Credo che nella acxoglienza sia compresa la "posizione" e non solo la "cronaca"

Molto spesso è più importante la posizione che si propone all'altro nella cronaca (ad esempio vittima, persona sacrificata, eroe dei 2 mondi, etc..) che la cronaca in se.

La posizione dovrebbe essere oggetto di confronto serio e aperto

Se la propria posizione non la si mette in gioco, non ci si mette in gioco

E io ad esempio non ho la capacità di acxoglienza verso chi non si vuole mettere in gioco cone posizione, al di là della cronaca

Per cui.. comprendo bene la tua insofferenza, che sarebbe anche la mia, probabilmente


----------



## Cuore2018 (23 Giugno 2018)

Penso che in ogni rapporto ciascuno dá quello che può dare. Che non si può fingere di avere sentimenti e convinzioni che non ci sono. E che sia assolutamente normale, ogni tanto, avvertire dei limiti oltre i quali proprio non riusciamo a spingerci.
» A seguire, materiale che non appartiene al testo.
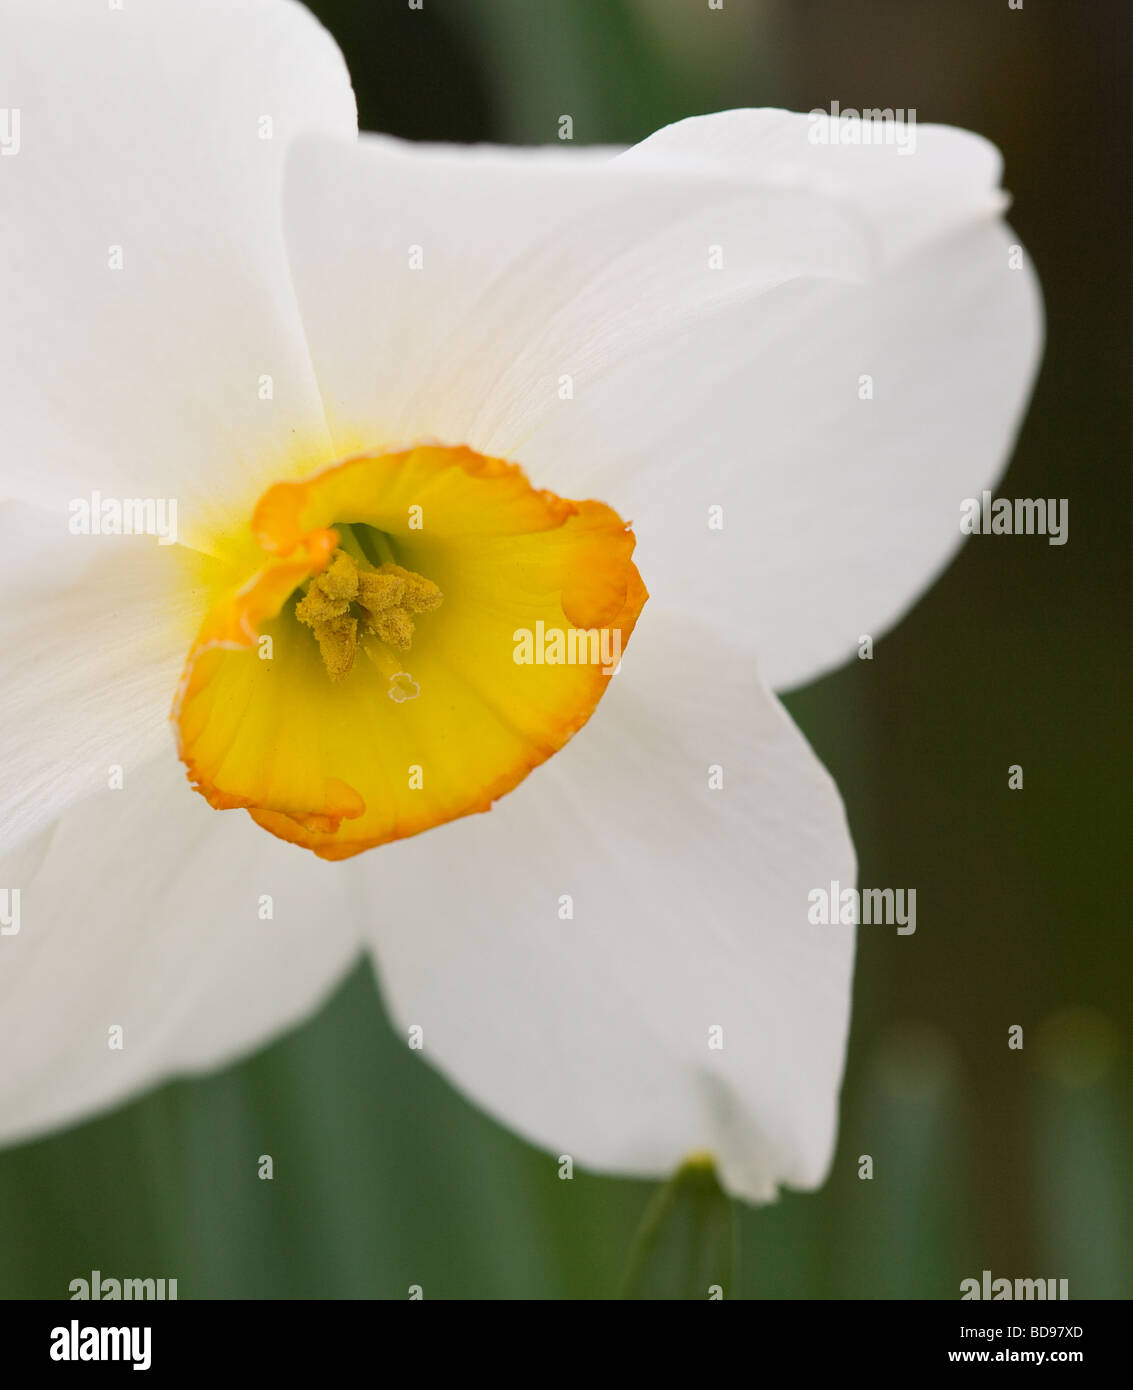 Eggy Daffodil. A whilte daffodil with a yellow centre.. Small-cupped Daffodil Narcissus Royal Princess. Stock Photo

In amicizia, ma anche in amore, a me è capitato di accogliere parti dell'altro che in altre persone non avrei mai tollerato, ma perché le collocavo all'interno di una storia personale che conoscevo bene e che "giustificava" anche quegli aspetti a me quasi insopportabili.
Cosí ho accolto lati del carattere, idee e opinioni anche molto diverse dalle mie, sempre contestualizzando e guardando sempre l'insieme della persona e della sua storia.

Ma se perdevo il senso, se uscivano fuori lati del carattere o comportamenti che non comprendevo e, quindi, non riuscivo a spiegare, o a giustificare, ecco che perdevo interesse ad accogliere e l'amicizia si incrinava.

Per dire, mi sono allontanata da un'amicizia di una vita quando certe fissazioni (ossessioni alimentari, atteggiamenti complottisti...) sono diventate talmente pervasive da eliminare tutto ciò che avevo in comune con questa persona: non riuscivo più a seguirla, a comprenderla, ad accoglierla, appunto. E me ne sono allontanata.

Secondo me in presenza di divergenze nette non giustificabili, non comprensibili, il fastidio e la chiusura sono più che normali, anzi, direi sani.

Inoltre c'è da dire che in generale il vittimismo, soprattutto quando non è giustificato, è molto fastidioso.


----------



## stany (24 Giugno 2018)

Hai perso interesse nei suoi confronti; quindi l'empatia e la solidarietà . Troppi aspetti differiscono dai tuoi valori. Capita di "scoprirlo" tra coniugi e, si sa quale sia il finale. Figurarsi tra conoscenti. Non sempre si è buoni samaritani a prescindere.....


----------